* **WORK ORDER**:
As an exercise in exact copying, transcribe the lines below from the one holding "Newborn Photographer, Sarah" through the last, with both ends included and pictures left out.

* **DATA TO USE**:

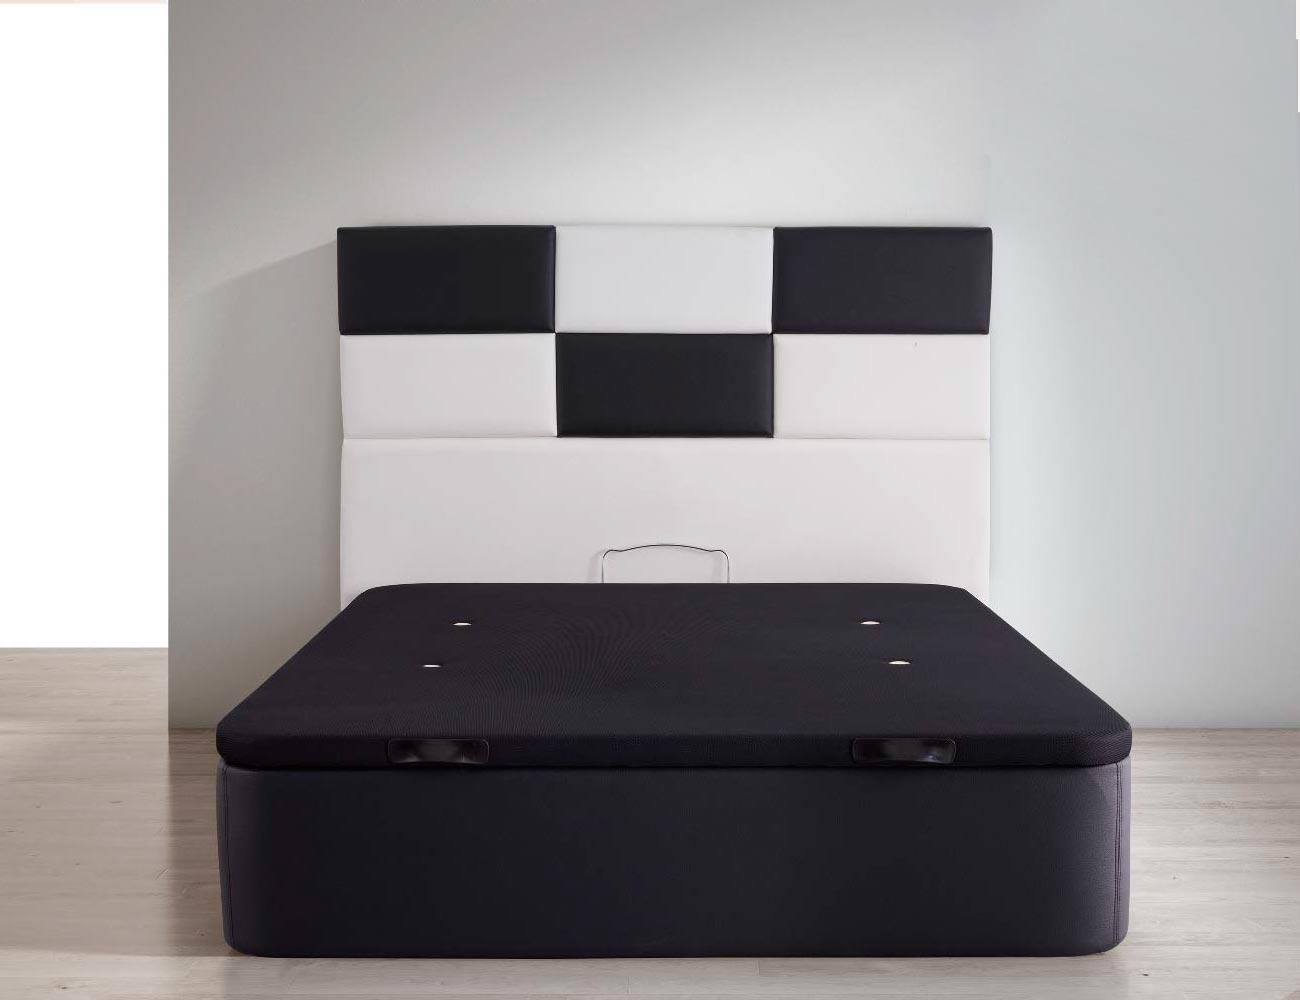 Canape polipiel tapa 3d negro aireado polimax
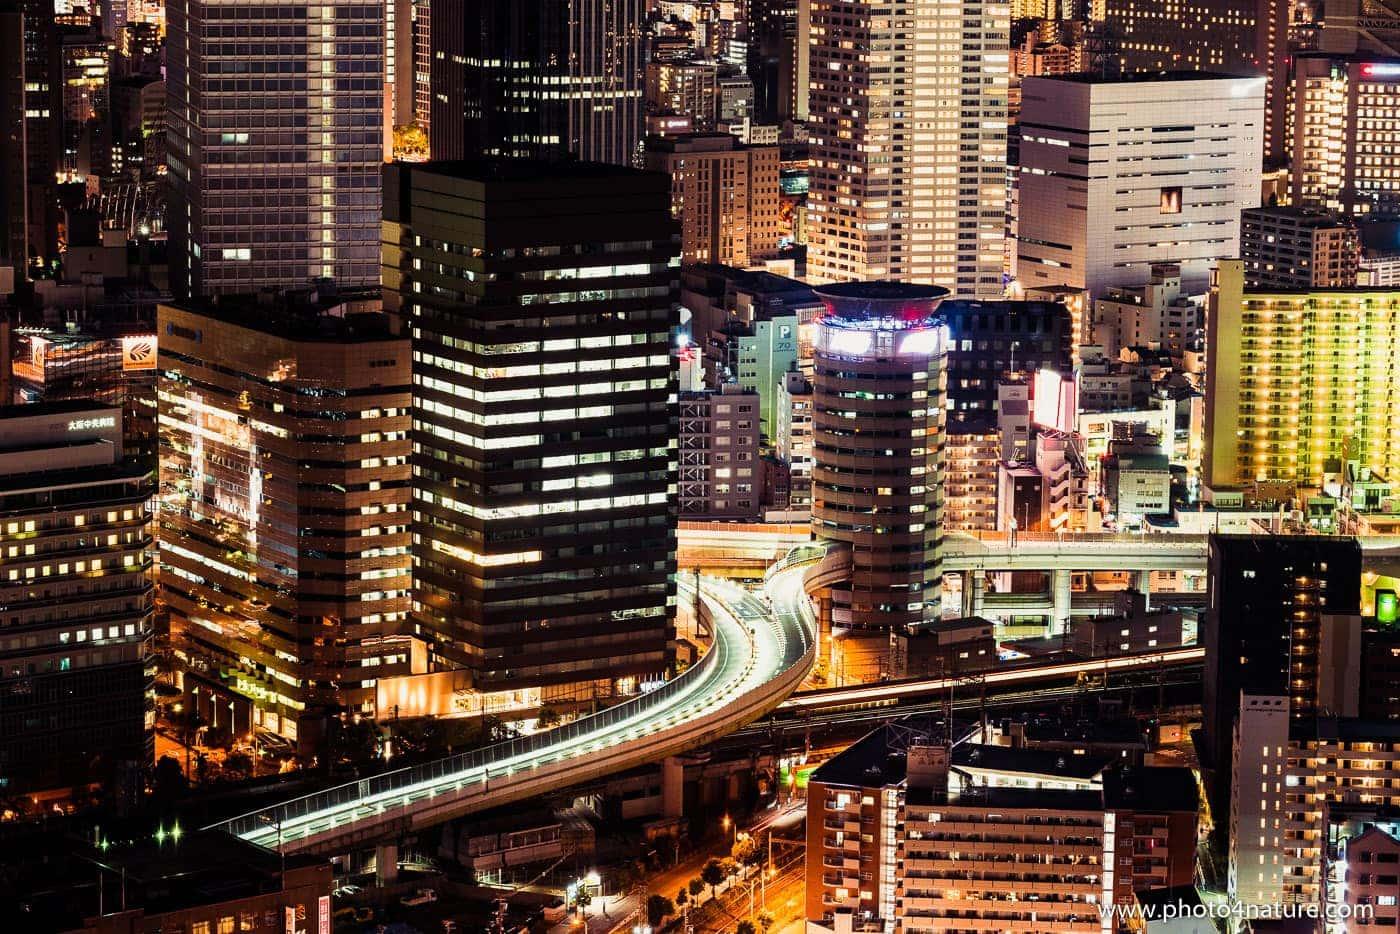 Traffic Nightscape Osaka   FE 70-200 f2.8 GM @ 2 sec, f8
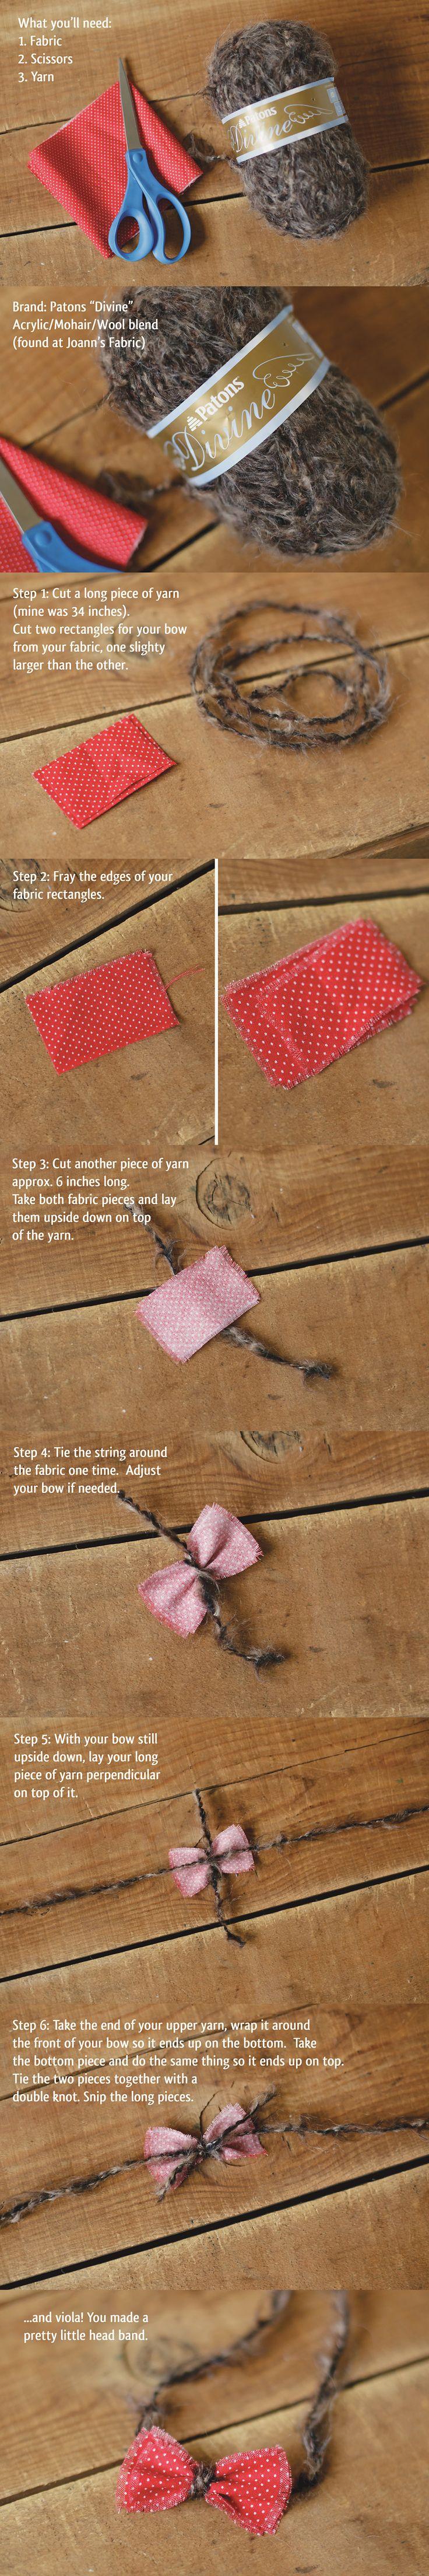 Newborn Photographer, Sarah Ulrich shared this Newborn Bow Headband Tutorial on her blog.  Awesome!
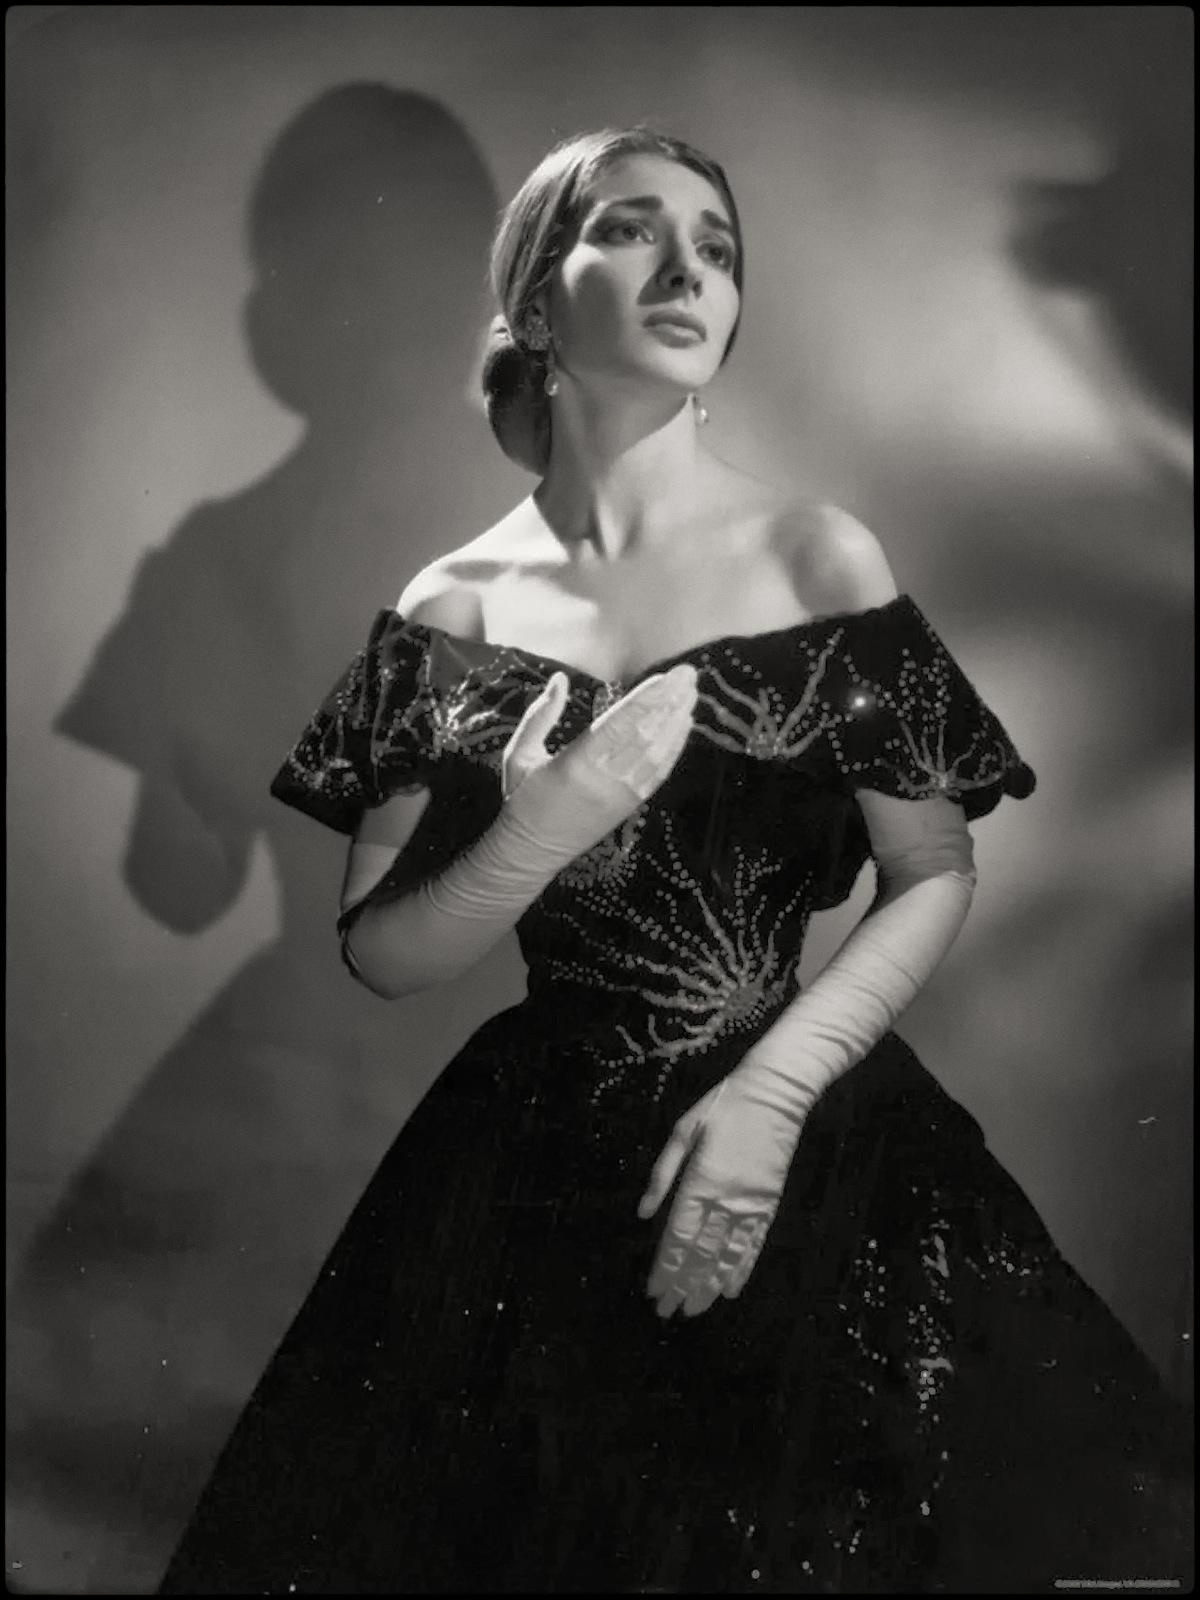 Biografía Hoy María Callas Gran Soprano Cantante De
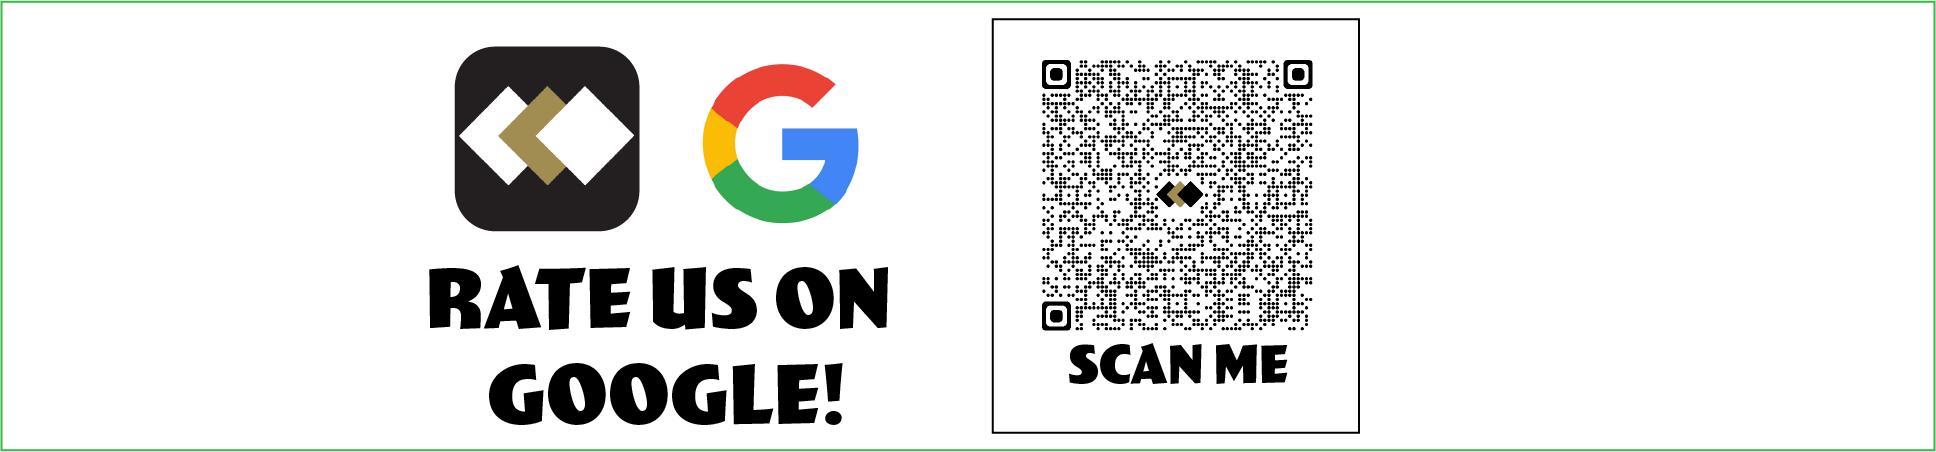 Rate us on google. SBR logo. Google logo. QR code

* **SOLUTION TO THE PROBLEM**:
 Newborn Photographer, Sarah Ulrich shared this Newborn Bow Headband Tutorial on her blog.  Awesome!
 Biografía Hoy María Callas Gran Soprano Cantante De
 Rate us on google. SBR logo. Google logo. QR code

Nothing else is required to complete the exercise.